* WORK INSTRUCTION *
Output every line below as it stands, dropping only the images.

* RECORDED DATA *
▬▬▬▬▬▬

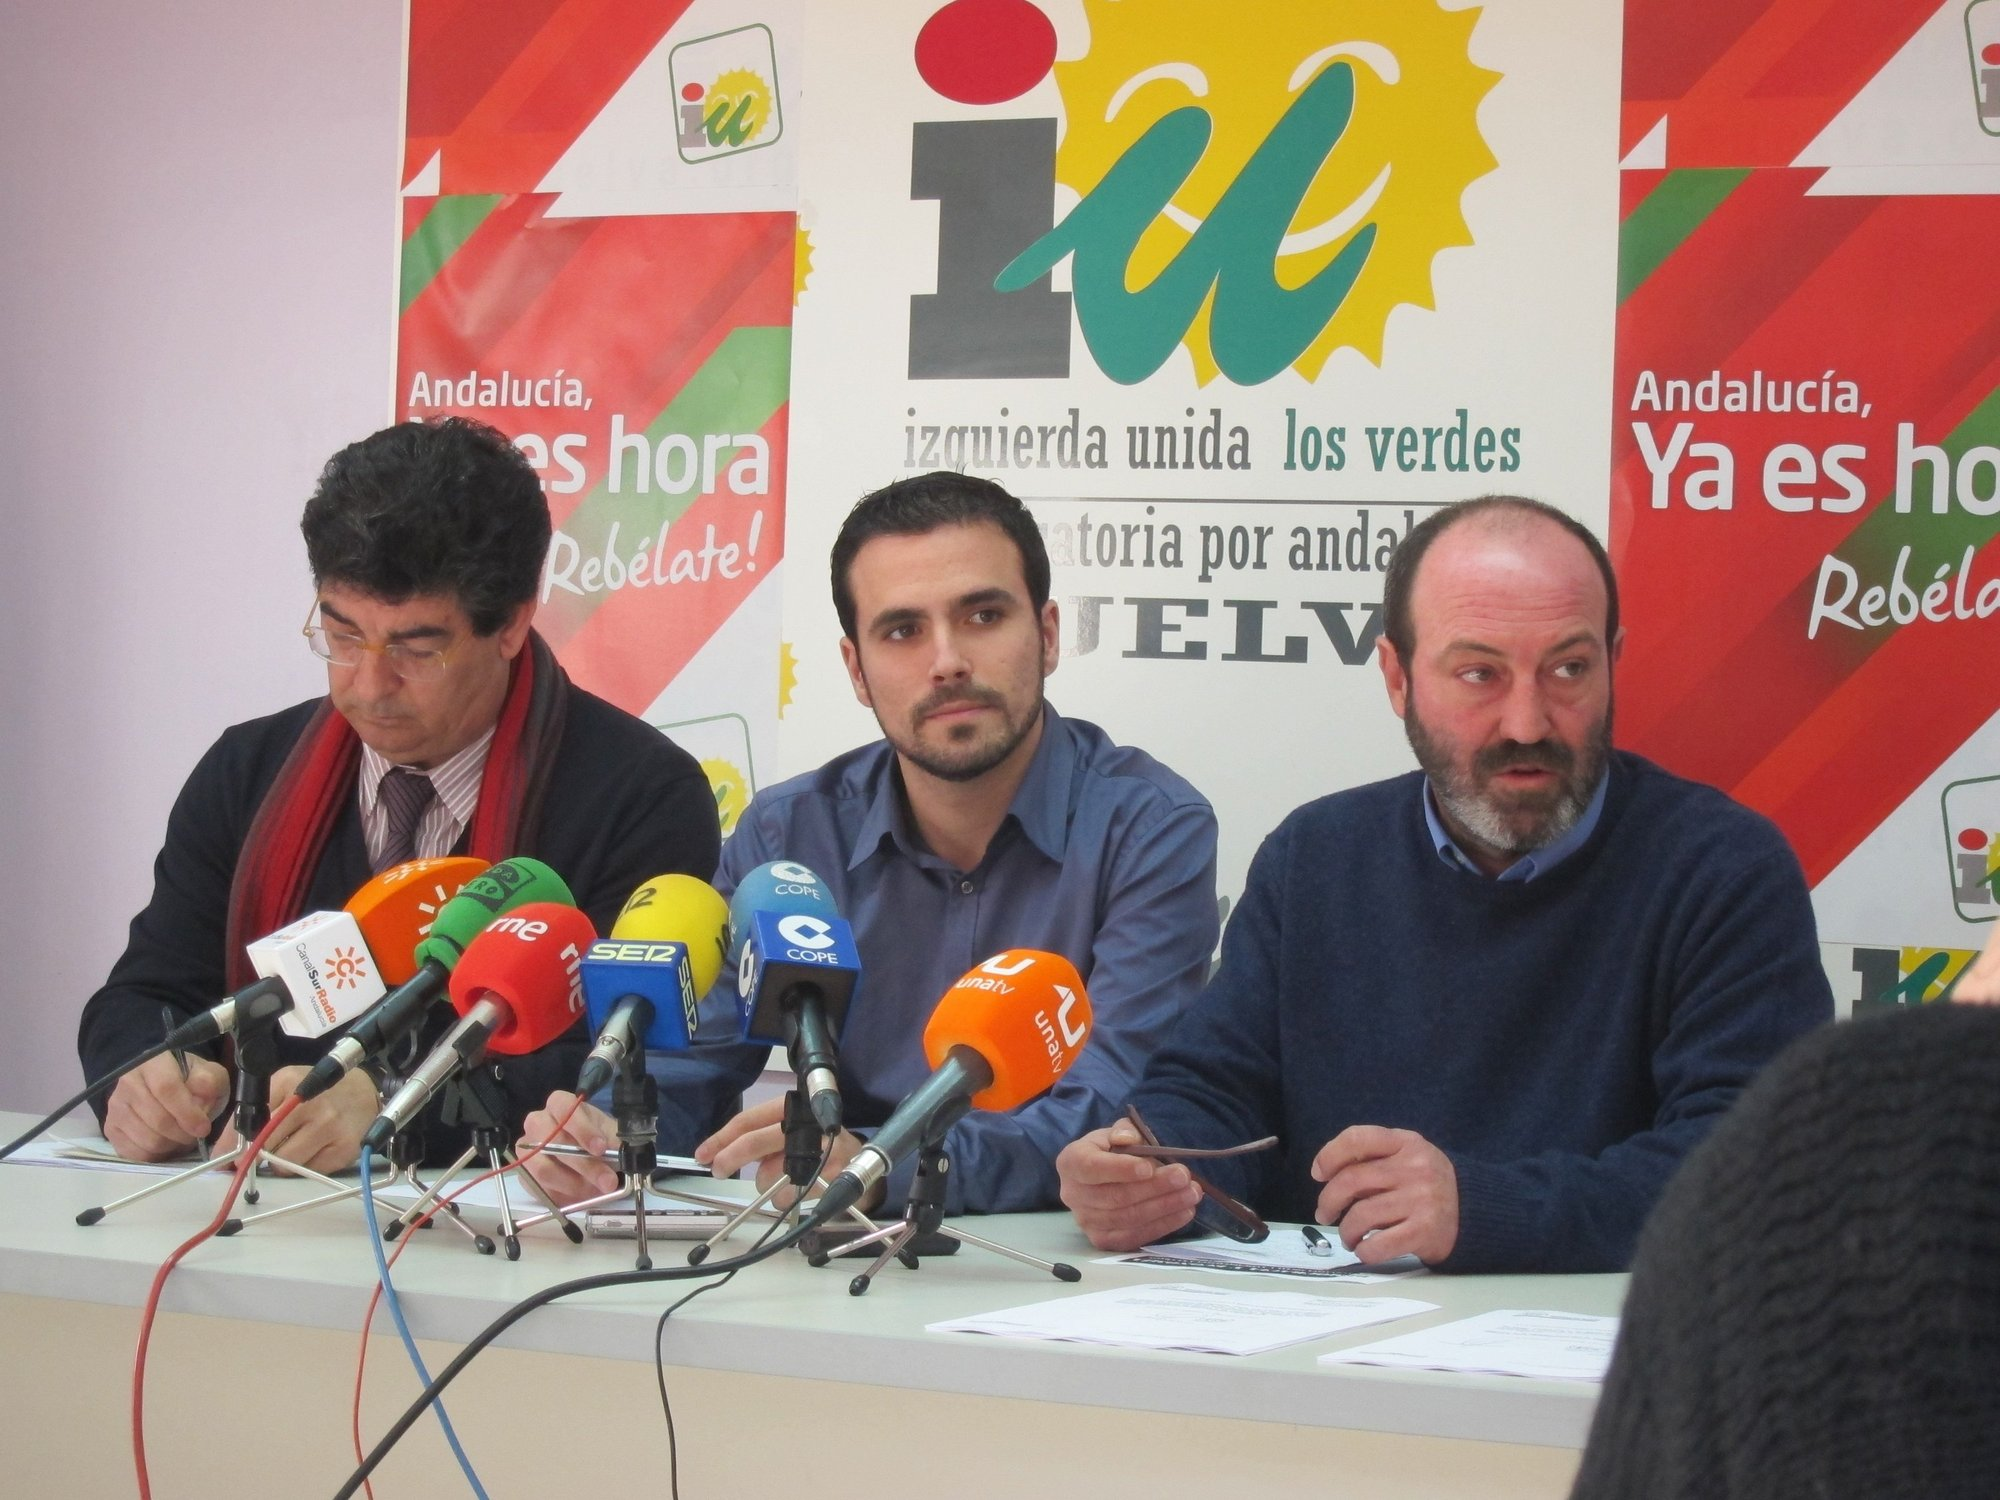 IU pedirá en el Congreso una reunión con Arias Cañete para conocer su posición sobre el oleoducto
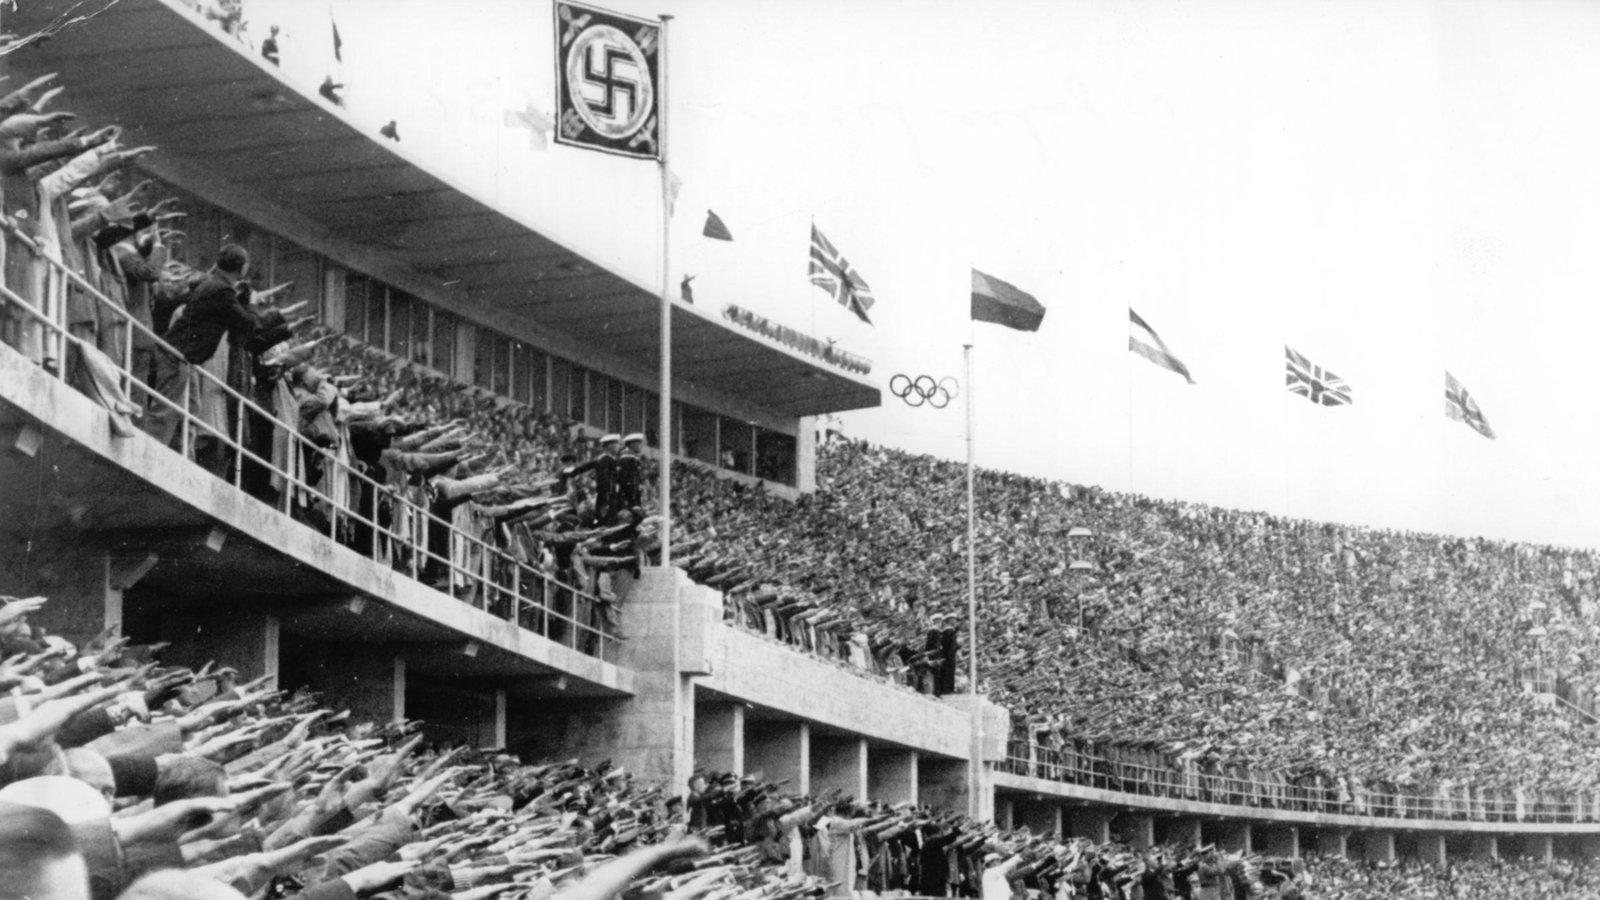 stichtag 1 august 1936 hitler er ffnet die olympischen spiele in berlin stichtag wdr. Black Bedroom Furniture Sets. Home Design Ideas
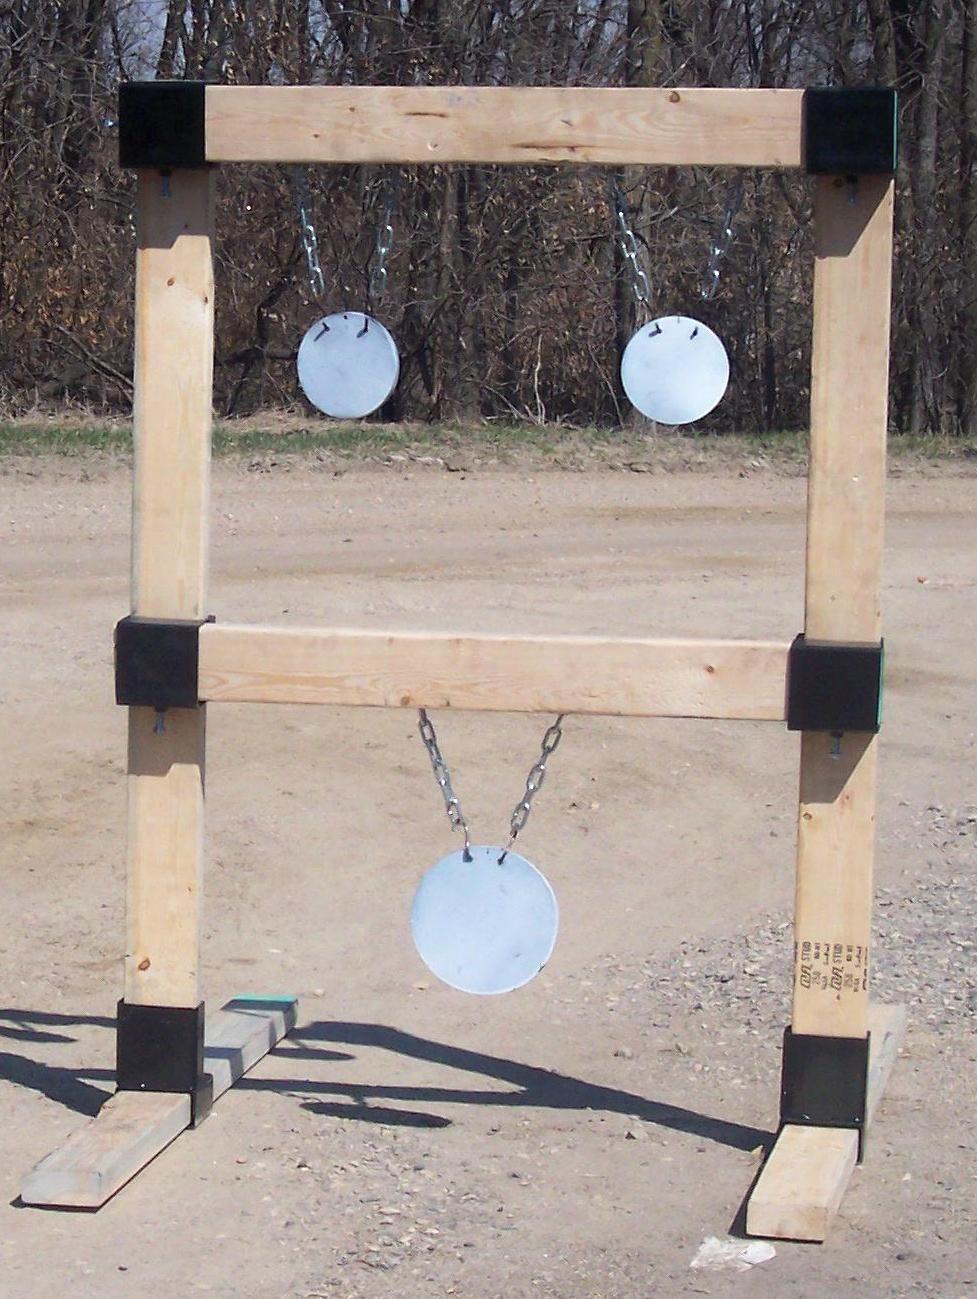 diy steel targets for shooting
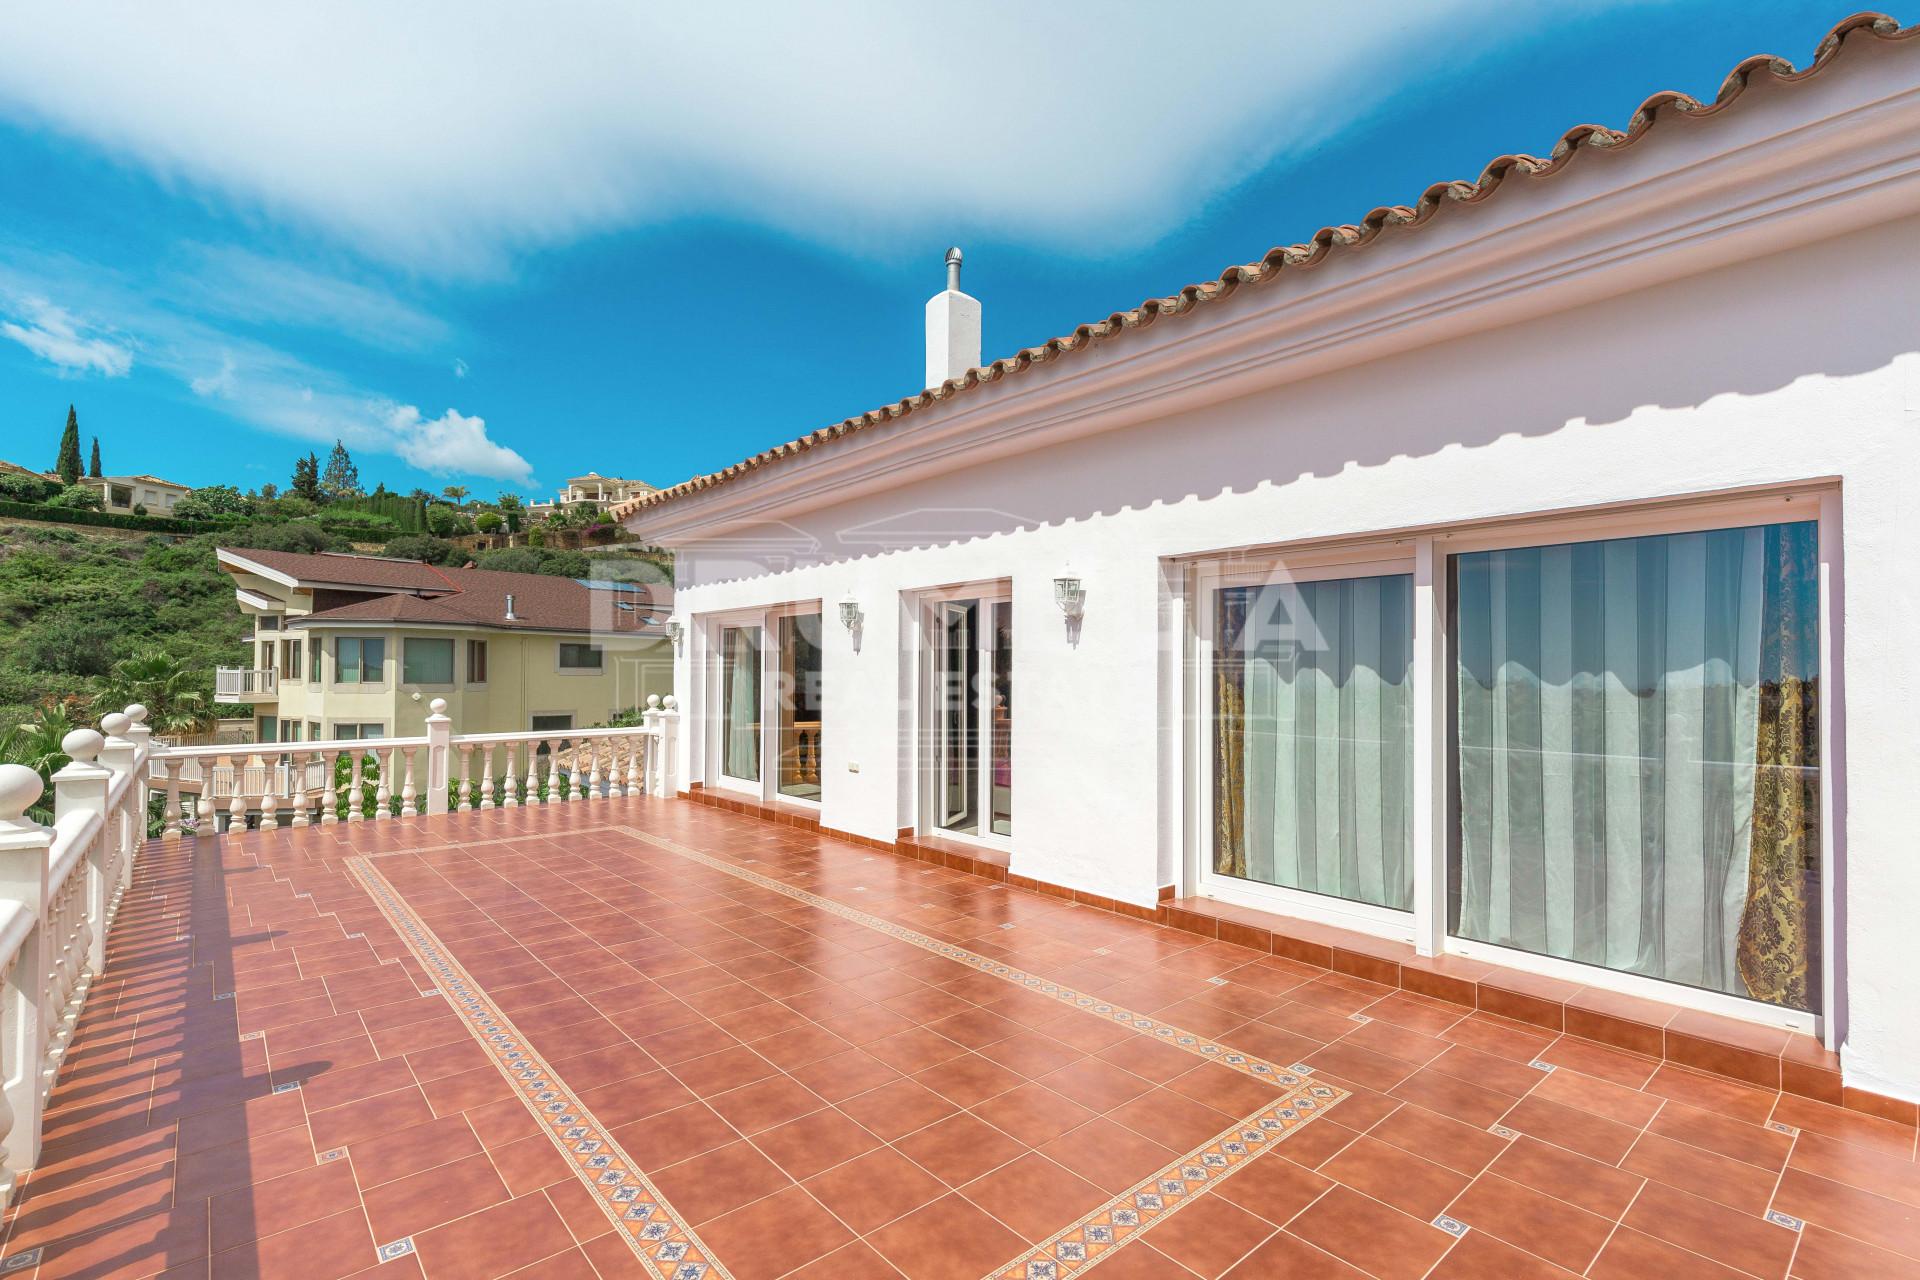 Attractive villa in el paraiso estepona for Villas otoch paraiso

▬▬▬▬▬▬

* SOLUTION TO THIS PROBLEM *
 IU pedirá en el Congreso una reunión con Arias Cañete para conocer su posición sobre el oleoducto
 stichtag 1 august 1936 hitler er ffnet die olympischen spiele in berlin stichtag wdr. Black Bedroom Furniture Sets. Home Design Ideas
 diy steel targets for shooting
 Attractive villa in el paraiso estepona for Villas otoch paraiso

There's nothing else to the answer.